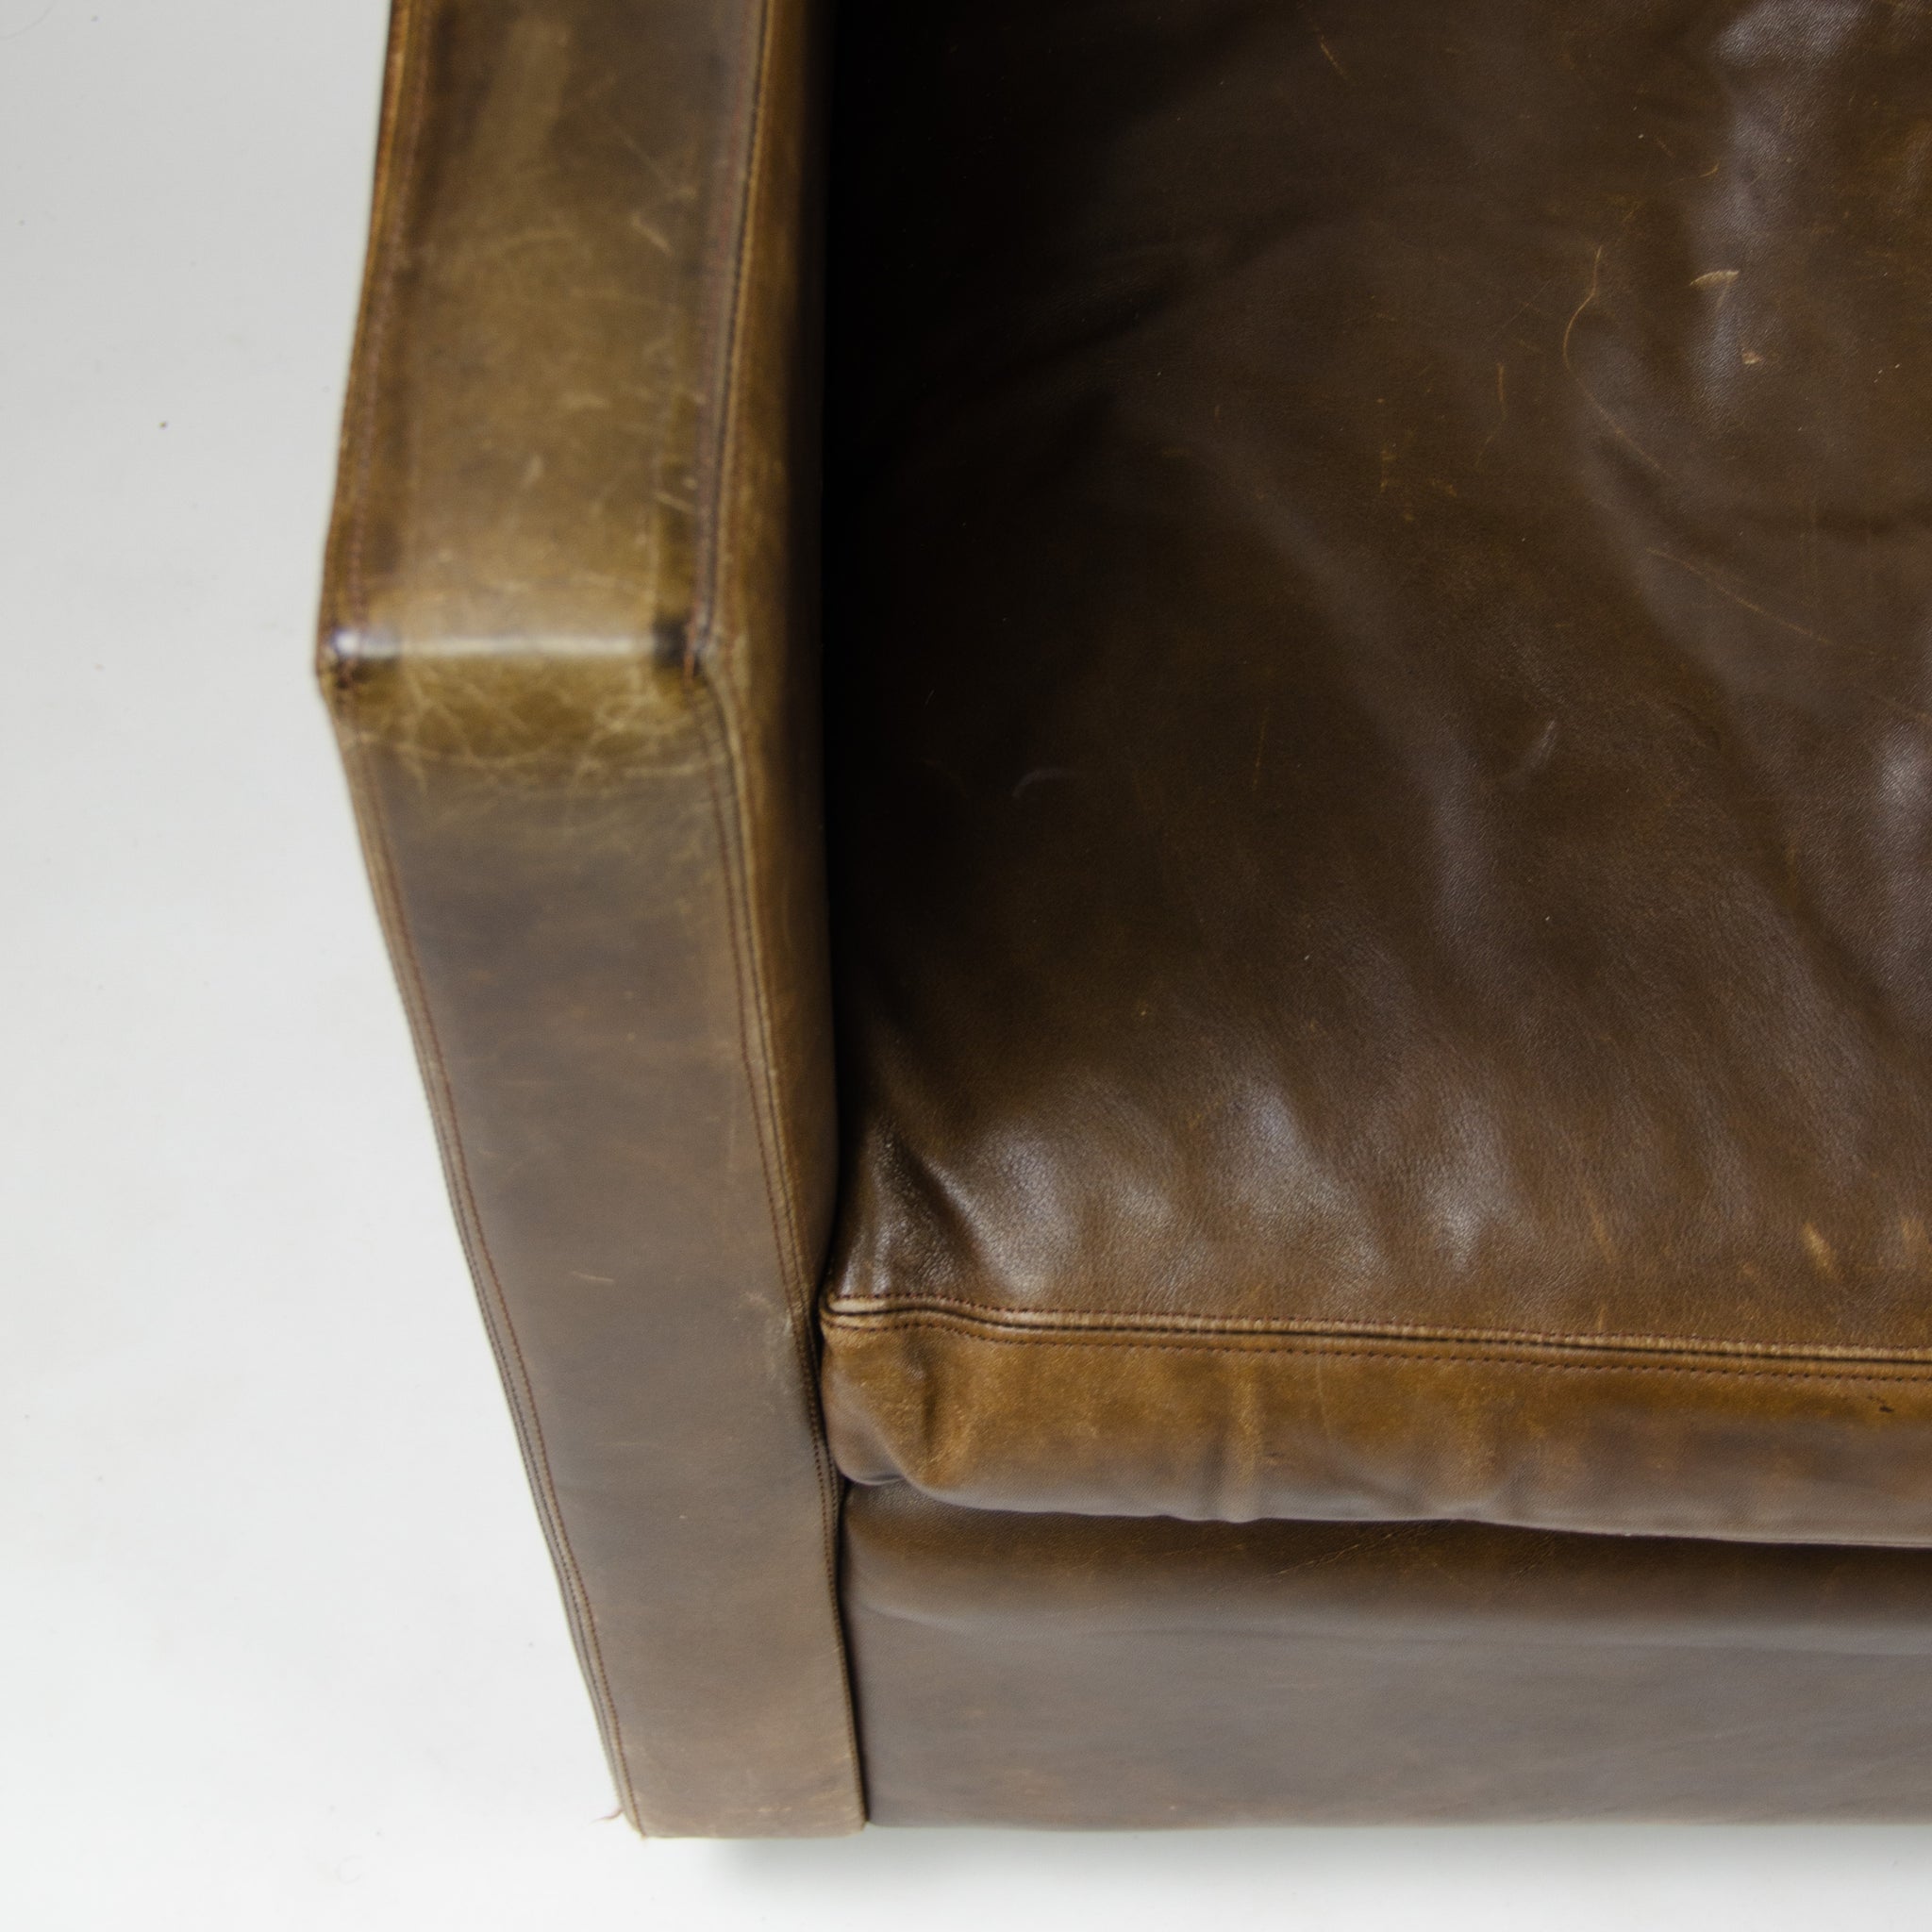 SOLD 1978 Knoll Charles Pfister Brown Leather Armchairs
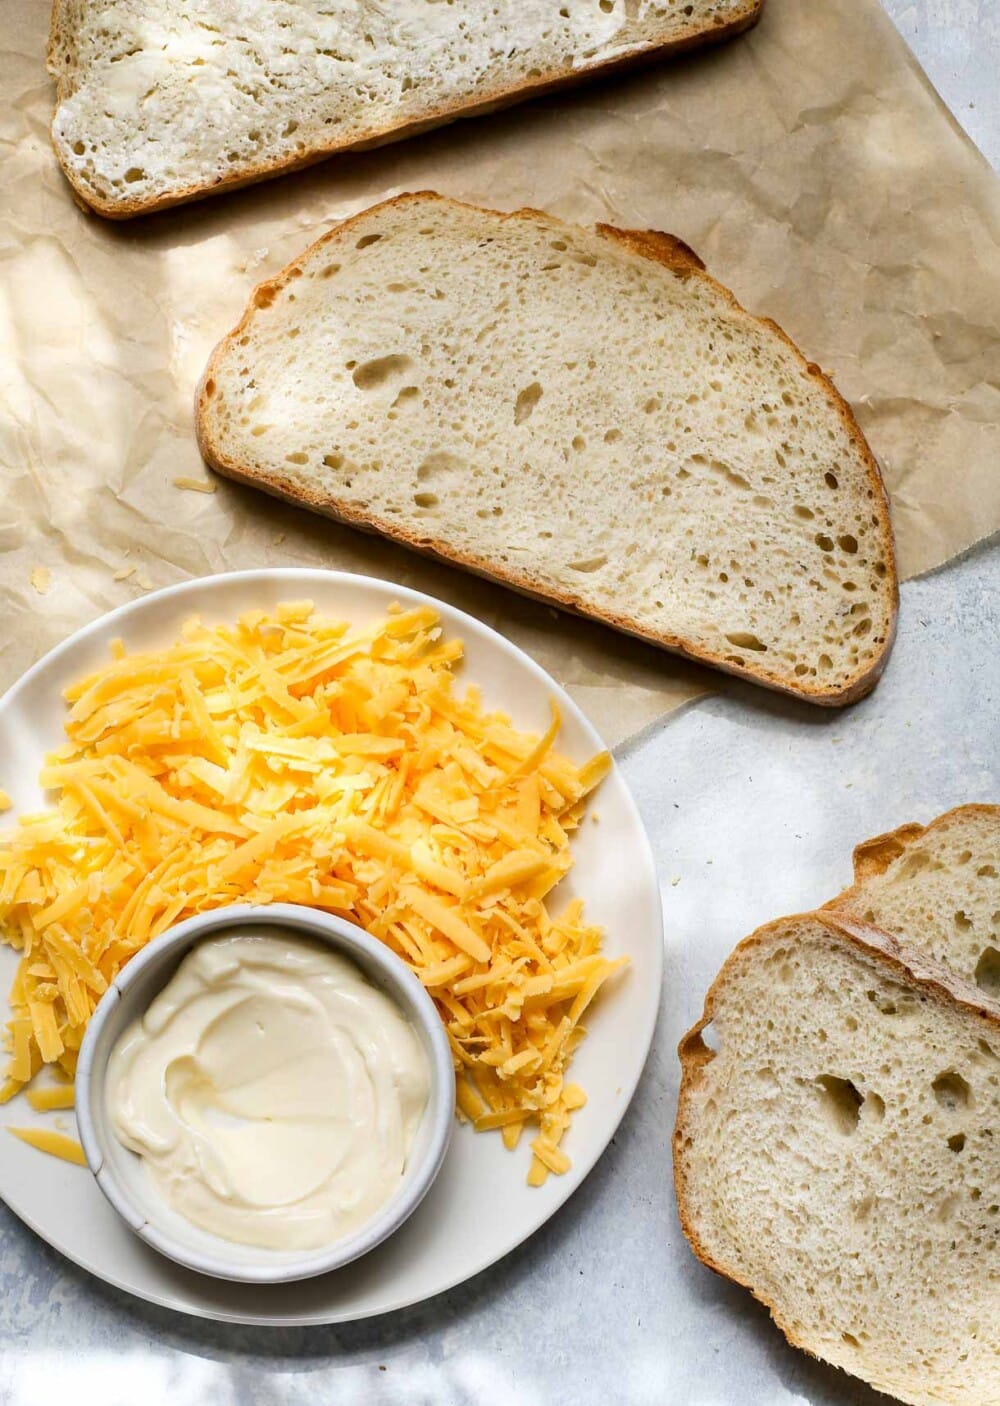 white bread on parchment with grated cheese next to it on a plate
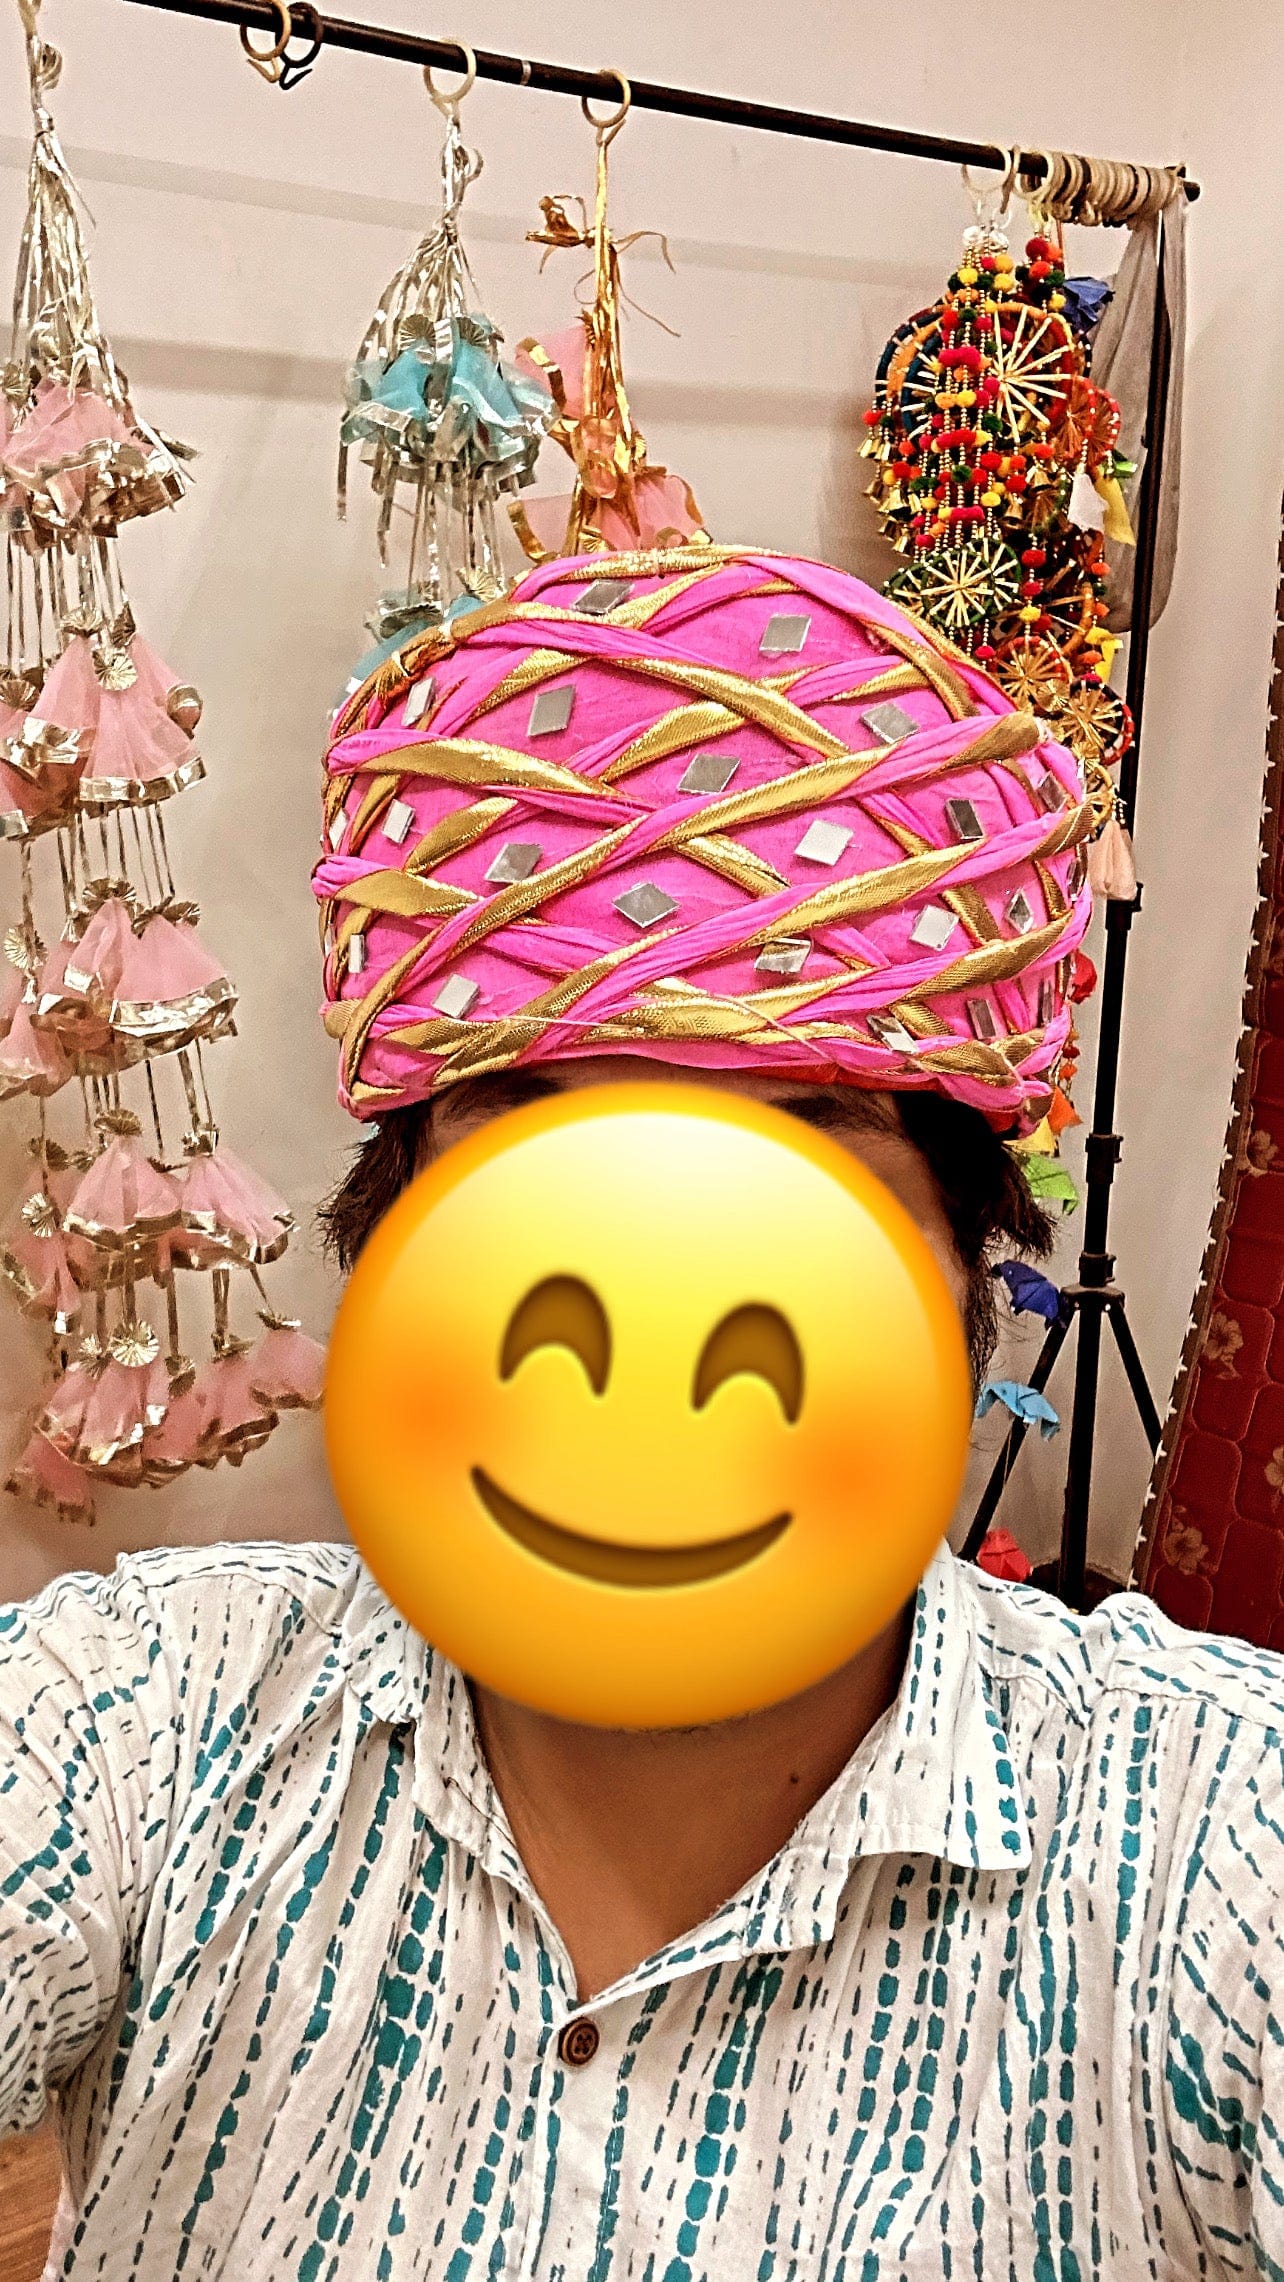 150 Rs each on buying 50+ pcs / WhatsApp at 8619550223 safa pagdi Pack of 10 LAMANSH Pack of 10 Rajasthani Style Readymade Safa Pagdi Turbans for Guests entry welcome in Hotels & Resorts ( Assorted colors ) / Mirror work turbans
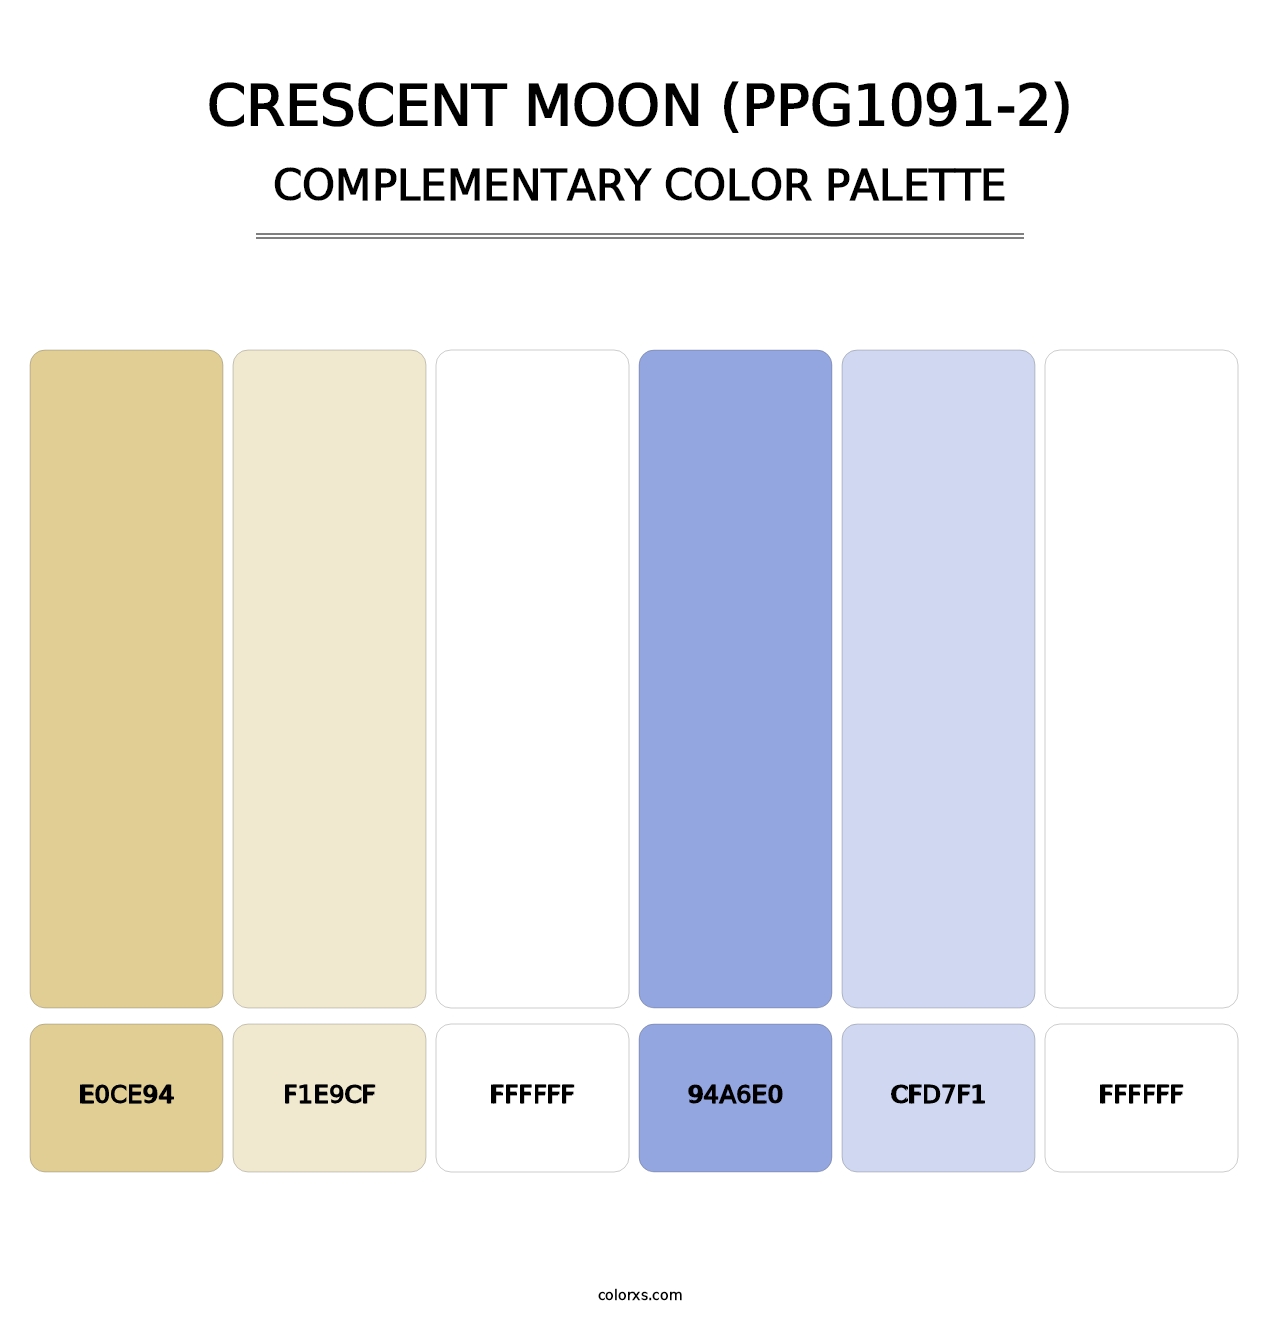 Crescent Moon (PPG1091-2) - Complementary Color Palette

WHAT YOU ARE ASKED TO DO - All that is needed here is the run of lines from the one containing "white bread on" through the end of the material above, reproduced exactly and without pictures.

SOLUTION TO THIS TASK -
 white bread on parchment with grated cheese next to it on a plate
 150 Rs each on buying 50+ pcs / WhatsApp at 8619550223 safa pagdi Pack of 10 LAMANSH Pack of 10 Rajasthani Style Readymade Safa Pagdi Turbans for Guests entry welcome in Hotels & Resorts ( Assorted colors ) / Mirror work turbans
 Crescent Moon (PPG1091-2) - Complementary Color Palette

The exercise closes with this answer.